Findings: Twenty-nine students participated, providing a total of 58 encounters. The overall differences in accuracy of the final diagnosis given to the patient at the end of the encounter (control 63% vs intervention 74%, p=0.53) and of the final diagnosis mentioned in the patient chart (61% vs 70%, p=0.58) were not statistically significant. The students in the intervention group significantly more often listed the correct diagnosis among the differential diagnoses in their charts (75% vs 97%, p=0.02).
Conclusion: This case-based clinical reasoning seminar intervention, designed to bring students insight into cognitive features of their reasoning, improved aspects of diagnostic competence.
Keywords: Bedside teaching, case-based learning, clinical reasoning, internal medicine, medical education, medical reasoning, precepting, problem-solving
|How to cite this article:|
Nendaz M R, Gut A M, Louis-Simonet M, Perrier A, Vu N V. Bringing Explicit Insight into Cognitive Psychology Features during Clinical Reasoning Seminars: A Prospective, Controlled Study. Educ Health 2011;24:496
|How to cite this URL:|
Nendaz M R, Gut A M, Louis-Simonet M, Perrier A, Vu N V. Bringing Explicit Insight into Cognitive Psychology Features during Clinical Reasoning Seminars: A Prospective, Controlled Study. Educ Health [serial online] 2011 [cited 2022 Jan 20];24:496. Available from: https://www.educationforhealth.net/text.asp?2011/24/1/496/101459
During the past 25 years, several studies in cognitive psychology have brought a better understanding about the mechanisms involved in clinical reasoning1-3. In particular, they have demonstrated that clinicians’ diagnostic accuracy is associated with characteristic features of a medical encounter, such as detailed inquiry about the chief complaint and frequent summarization of the collected information4,5. The most important predictor of diagnostic accuracy, however, was the early generation and evaluation of relevant diagnostic hypotheses and their use to frame the collection of further relevant information from the patient6-10.
Case-based seminars allowing for iterative hypothesis testing may be adapted as a teaching method to put into practice the understanding brought by studies in cognitive psychology11. This format not only trains students to evaluate different diagnostic hypotheses through an analytical approach but also allows them to take into account their initial, non-analytical, intuitive diagnostic impression, a condition reported to increase teaching efficacy12-14. However, further exploration is needed into which facets of clinical reasoning may be particularly influenced by the explicit use of these cognitive theories during teaching.
The purpose of this prospective, controlled study was to assess the impact on senior medical students of case-based reasoning seminars designed explicitly to bring them insight into cognitive aspects of their reasoning.
Setting and participants
The last year of the six-year medical curriculum at the University of Geneva Faculty of Medicine, Switzerland, consists of a 10-month clinical elective program. Each promotion encompasses about 100 students. Our internal medicine elective admits successive groups of students for a two- or three-month clerkship rotation. Students registered for three-month rotations were eligible for the study.

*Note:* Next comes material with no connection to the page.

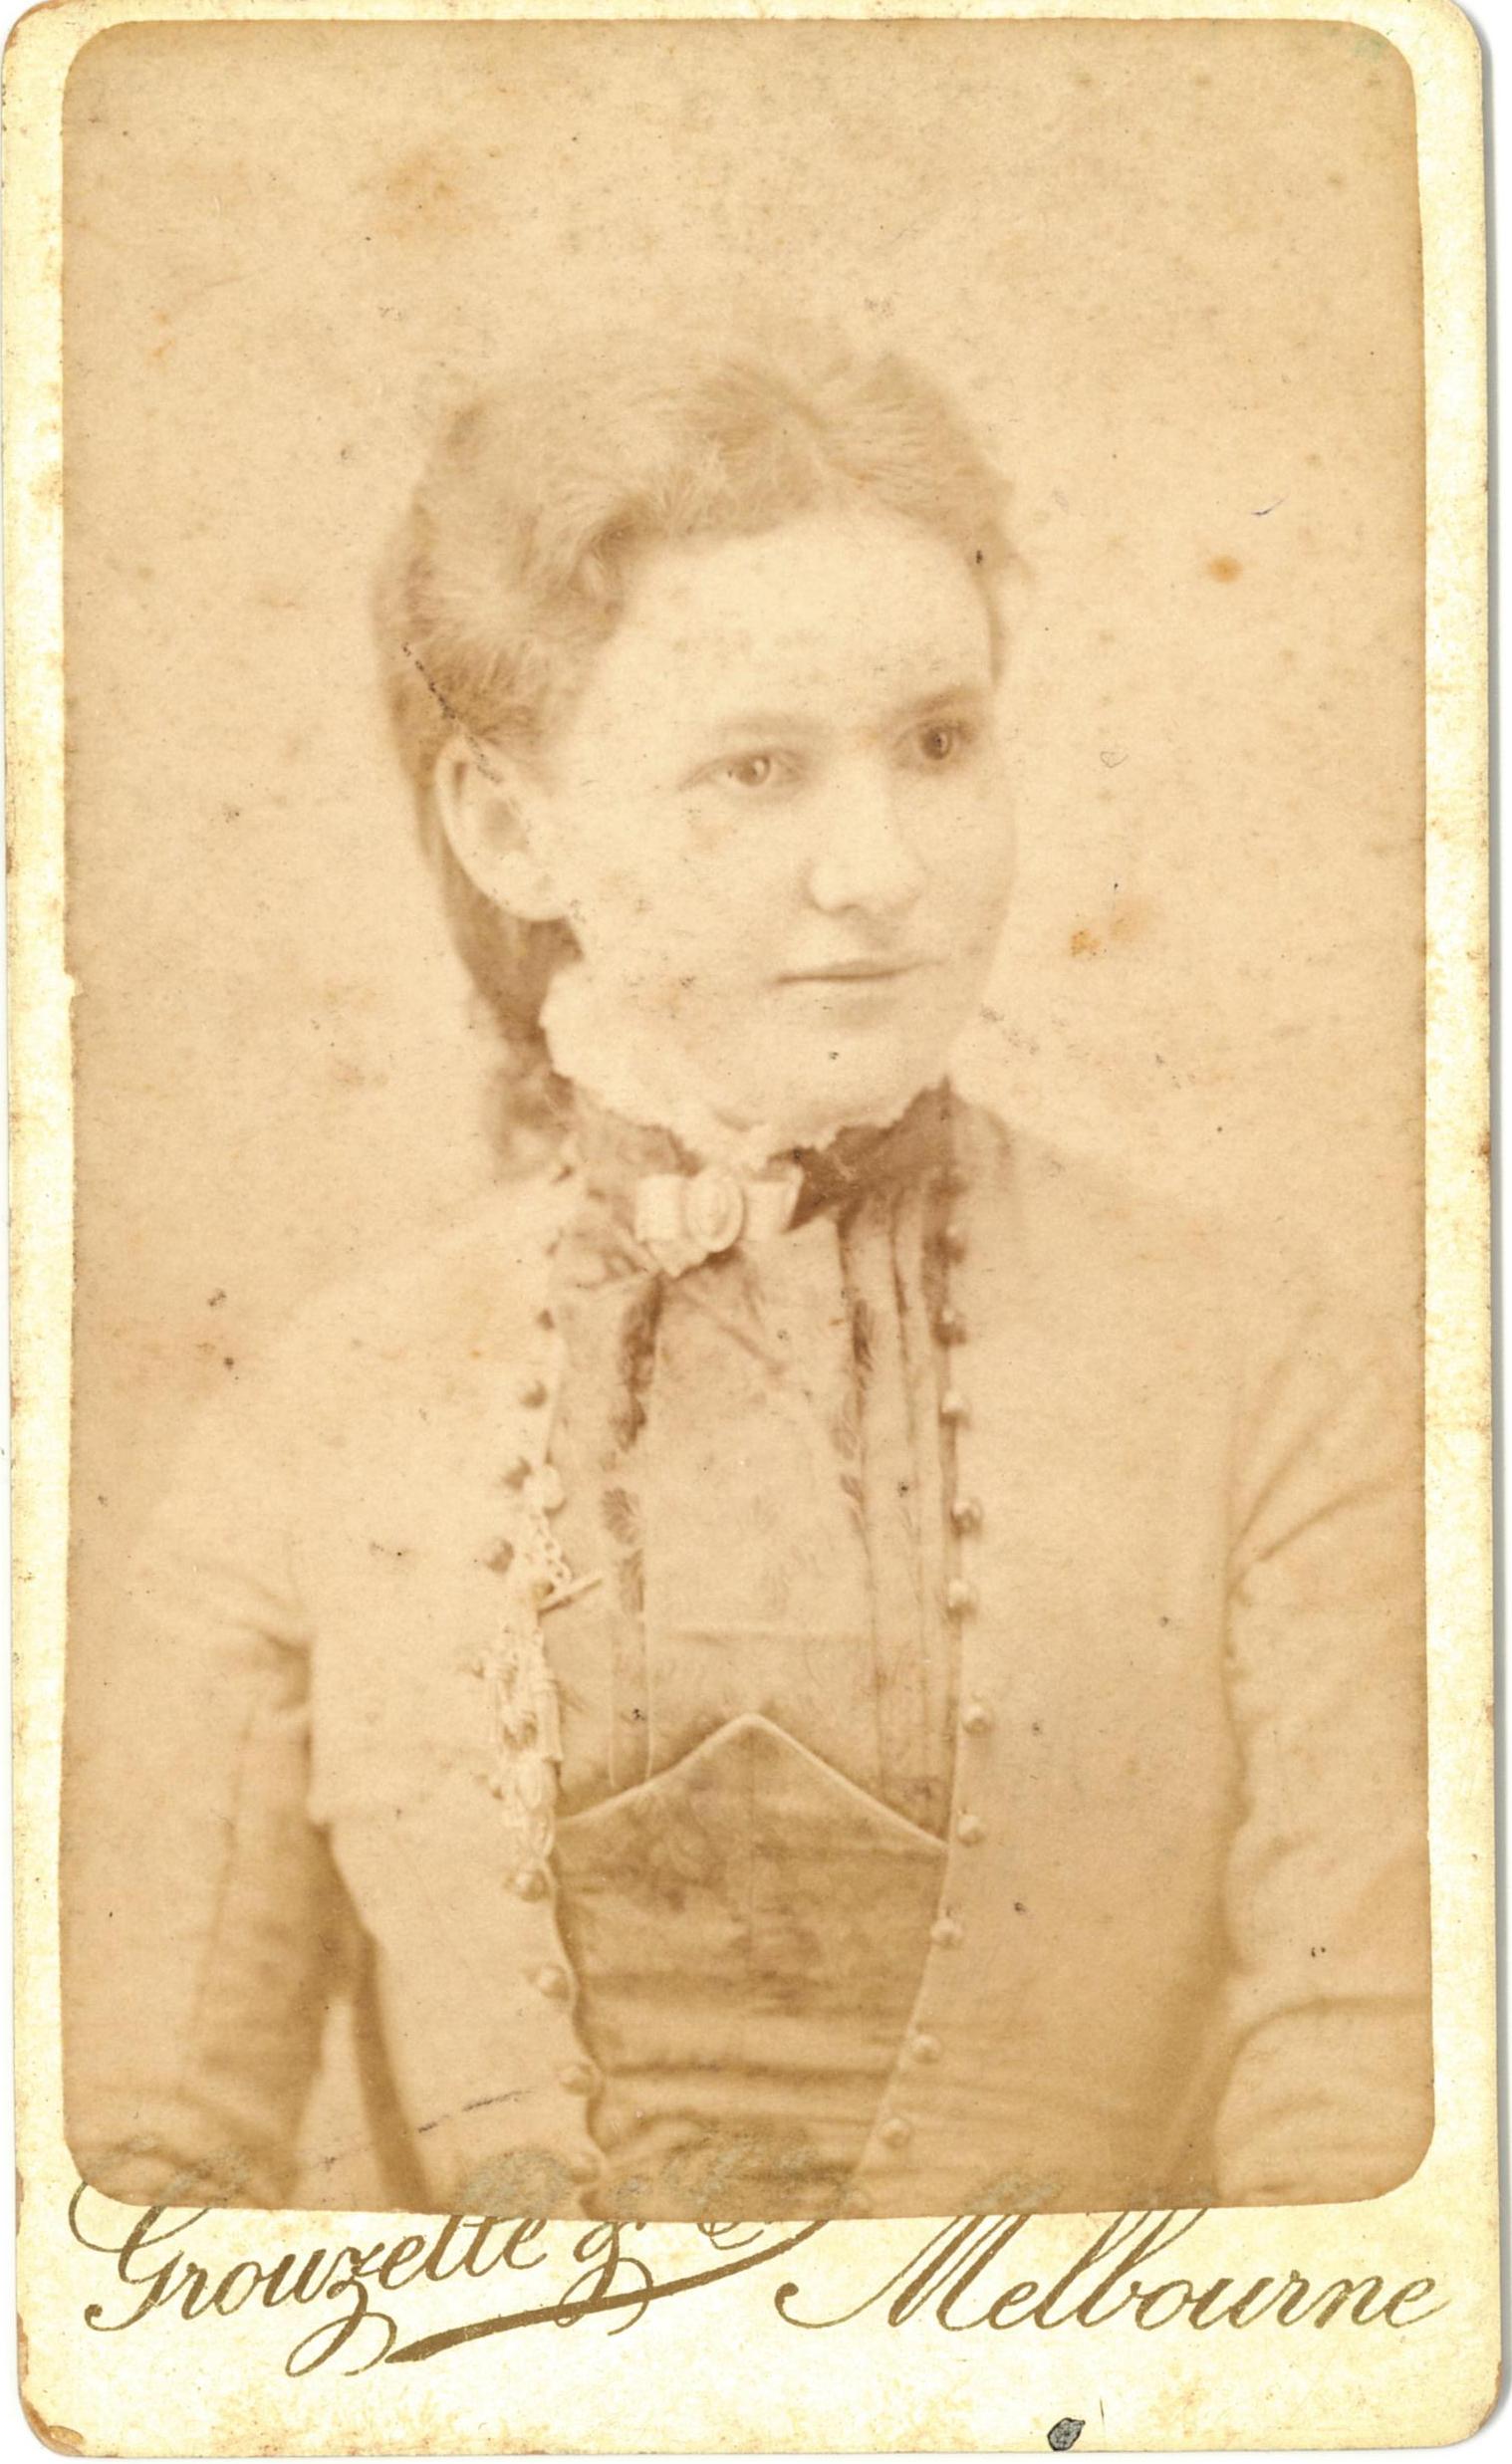 Kennina [Tottie] Fanny McKenzie Thorburn, 1886 / Grouzelle & Cie.
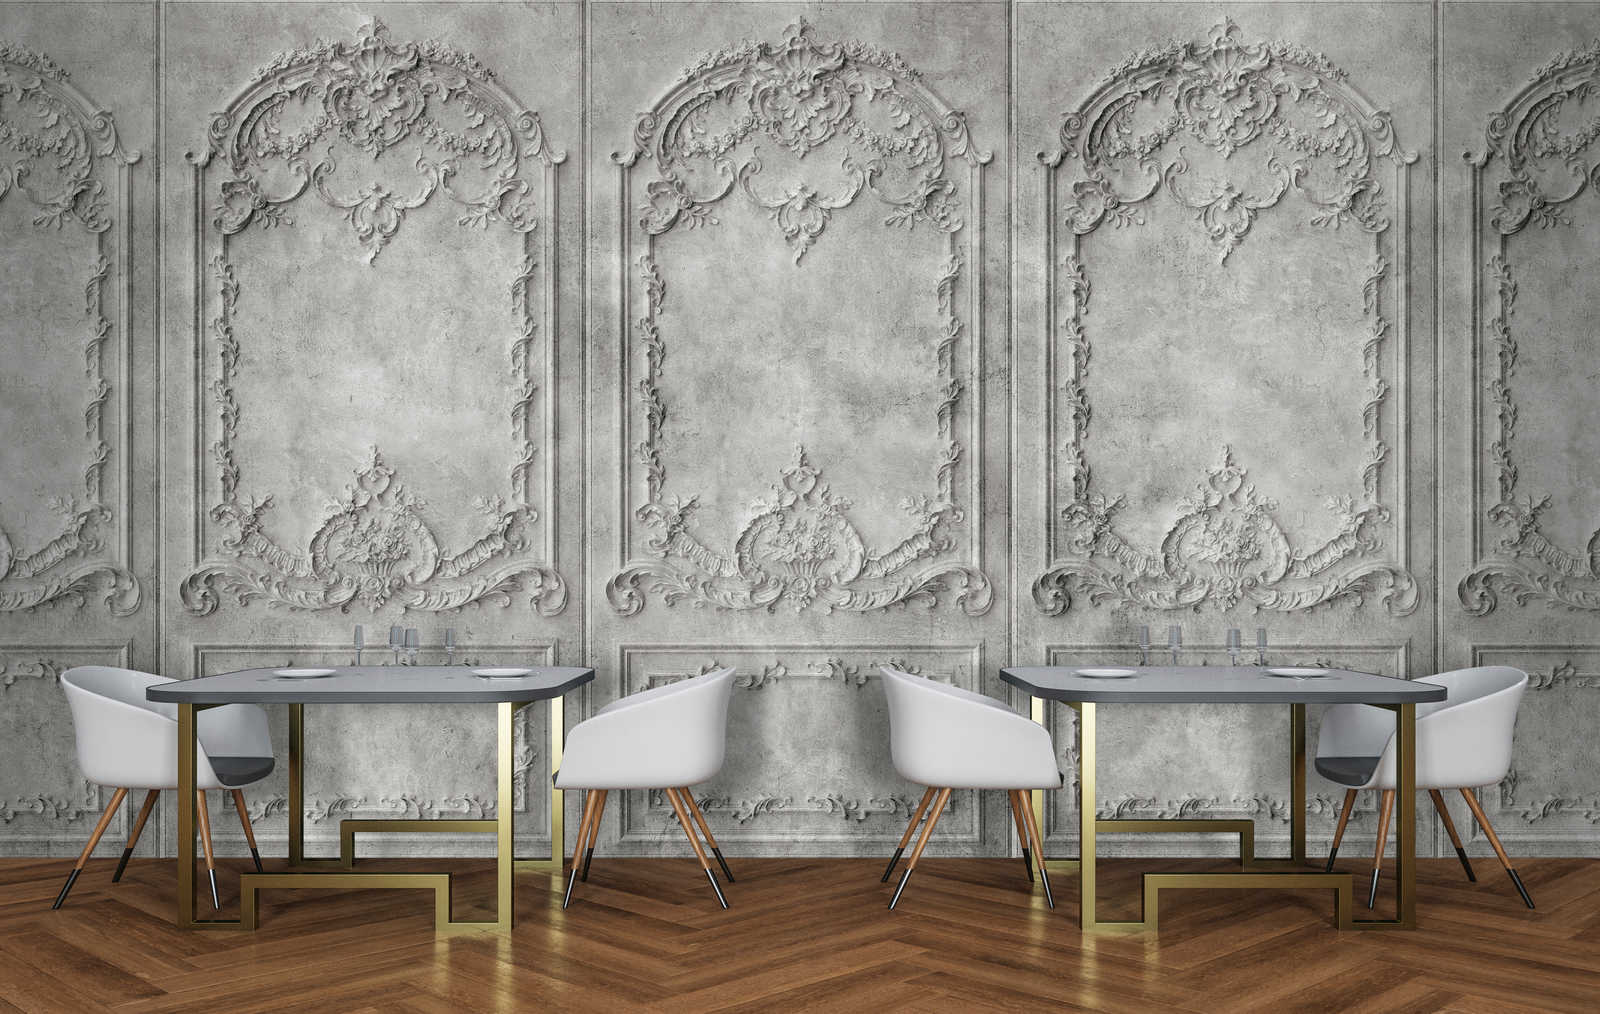             Versailles 2 – Fototapete Holz-Paneele Grau im Barock Stil

From January 2005 to end of April 2006, 39 students registered for four successive three-month elective rotations and were asked at the beginning of their elective to volunteer for the study. The students who declined participation attended the regular teaching provided during the clerkship, either with control groups or with students who were not eligible for the study (e.g. those who registered for a 2-month elective rotation). At this point of their curriculum, all students were at the same stage of training and had attended the same mandatory clerkships. They were randomly distributed across the patient units of our in-patient department.
During their elective in the division of internal medicine, students attend regular, weekly case-based clinical reasoning seminars conducted by faculty members15,16. This learning method is derived from Kassirer’s case-based seminars allowing for iterative hypothesis testing11. The seminars started with the patient’s presenting complaint and the students were instructed to ask the tutor for additional information about the patient’s history and physical examination while justifying their requests and mentioning which diagnostic hypothesis would be tested. The tutor provided them with the requested information and the same process continued until a final working diagnostic hypothesis was reached. The case was frequently summarized between natural steps of the seminar, when the group moved from history to physical examination and from physical findings to ancillary tests.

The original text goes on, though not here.